Government House is the former official residence of the lieutenant governors of Alberta. Located in Edmonton's Glenora neighbourhood, since 1964 the restored and repurposed building has been used by the Alberta provincial government for ceremonial events, conferences, and some official meetings of the caucus.

The City of Edmonton maintains the Government House Park, part of the North Saskatchewan River valley parks system, in the river valley directly below the Government House clifftop location. Government House is about a  walk from the Alberta Legislature Building, northwest along the banks of the North Saskatchewan River.

The Royal Alberta Museum was housed in a separate building on the same property from 1967 until 2018.

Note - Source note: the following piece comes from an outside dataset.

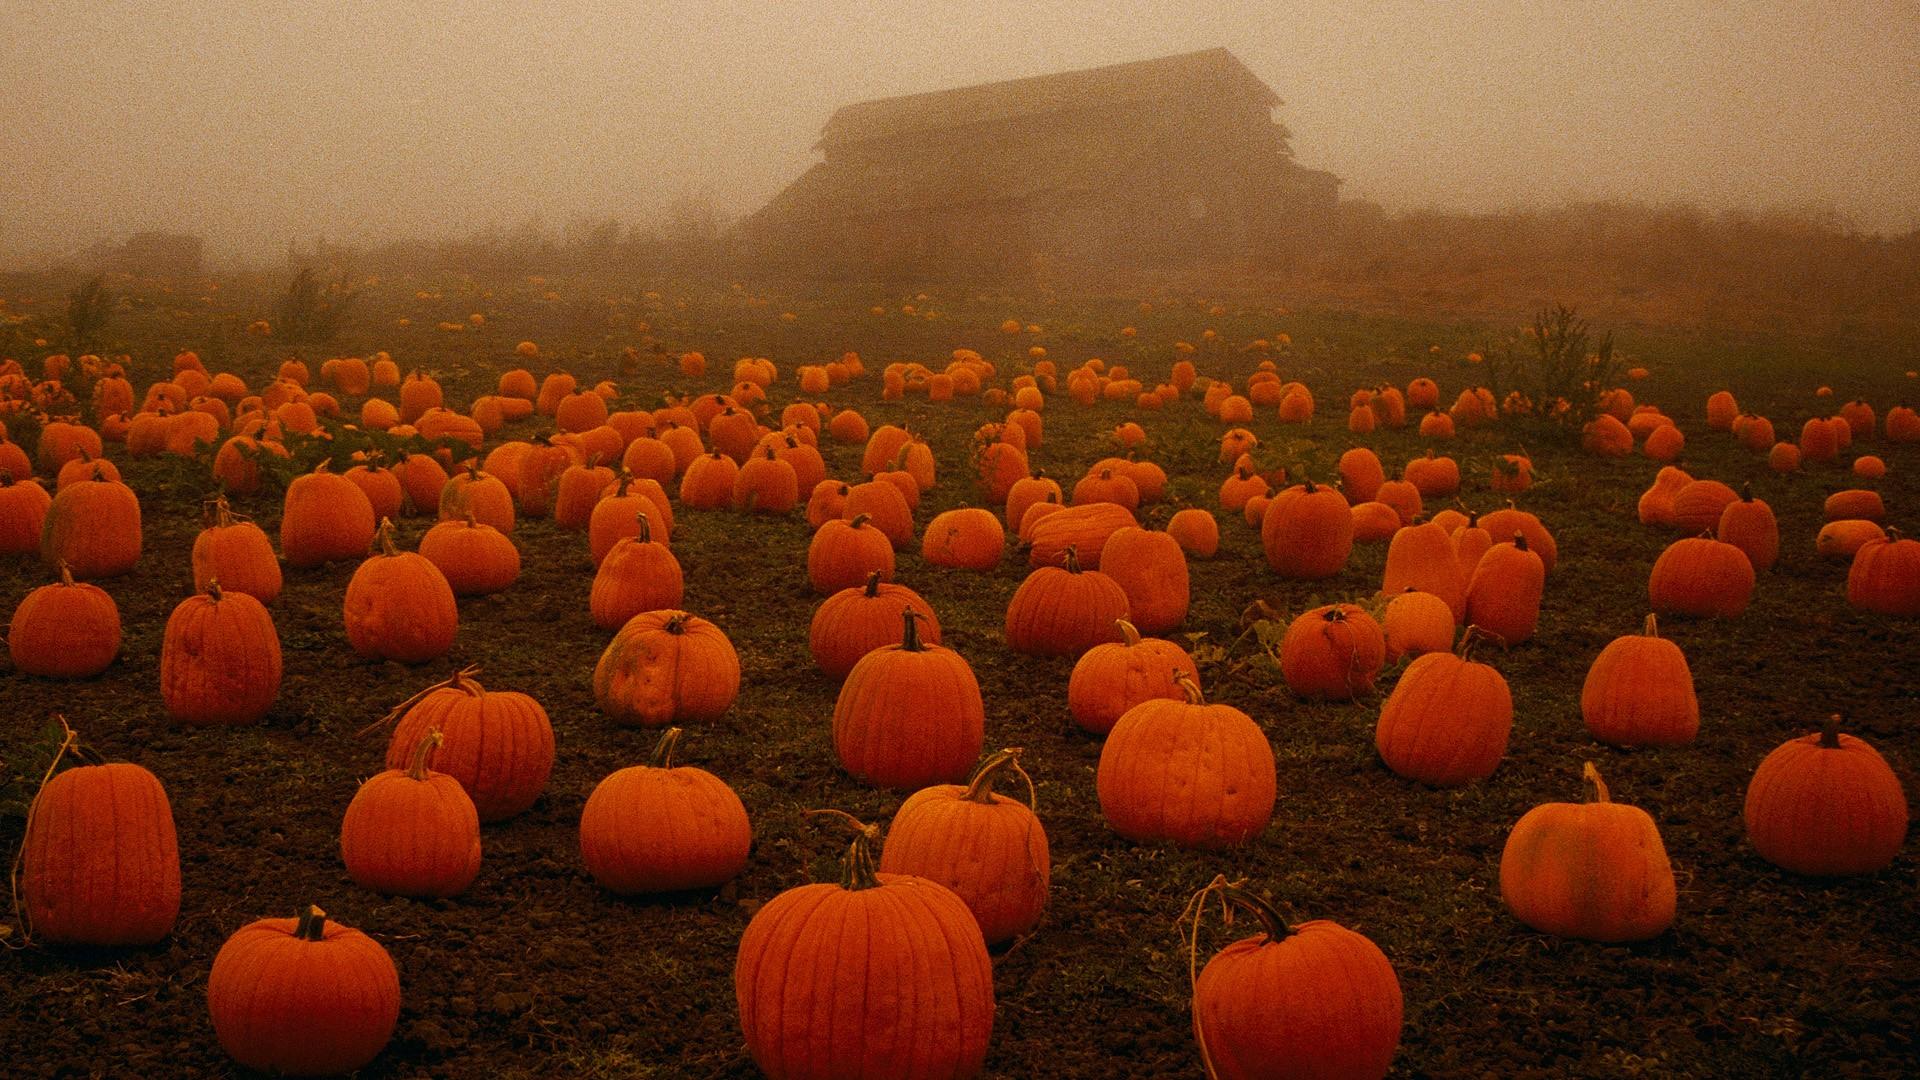 Wallpaper Pumpkin Field Fall Plants Spooky 1920x1080 Phlex0 1666529 Hd Wallpapers Wallhere

Official viceregal residence (1913–1938)
The property for the house, with a large surrounding area, was purchased by the Province of Alberta in 1910. Construction on the building, intended from the outset to house the lieutenant governor, began in 1912, and the official opening was held on October 7, 1913. The three-storey building is constructed of sandstone in the Jacobean Revival style.

It was used as the viceregal residence until 1938. When it was closed, the Alberta Government cited economic concerns, as well as the closing of the Ontario Government House the year previous, as reasons for the closure. However, the closure also came soon after Lieutenant Governor John C. Bowen refused to grant royal assent to three controversial bills passed through the Legislative Assembly, and was, along with the removal of his support staff and official car, seen as an act of retaliation by Premier William Aberhart.  The building was sold, and the furniture and fixtures were sold.

General use (1938–1964)
The building was used a boarding house for American pilots flying supplies up to the Alaska Highway and then was acquired by the federal government as military hospital during the Second World War. After the war the building was used as convalescent home for veterans.  The house and grounds were returned to the provincial Crown in 1964.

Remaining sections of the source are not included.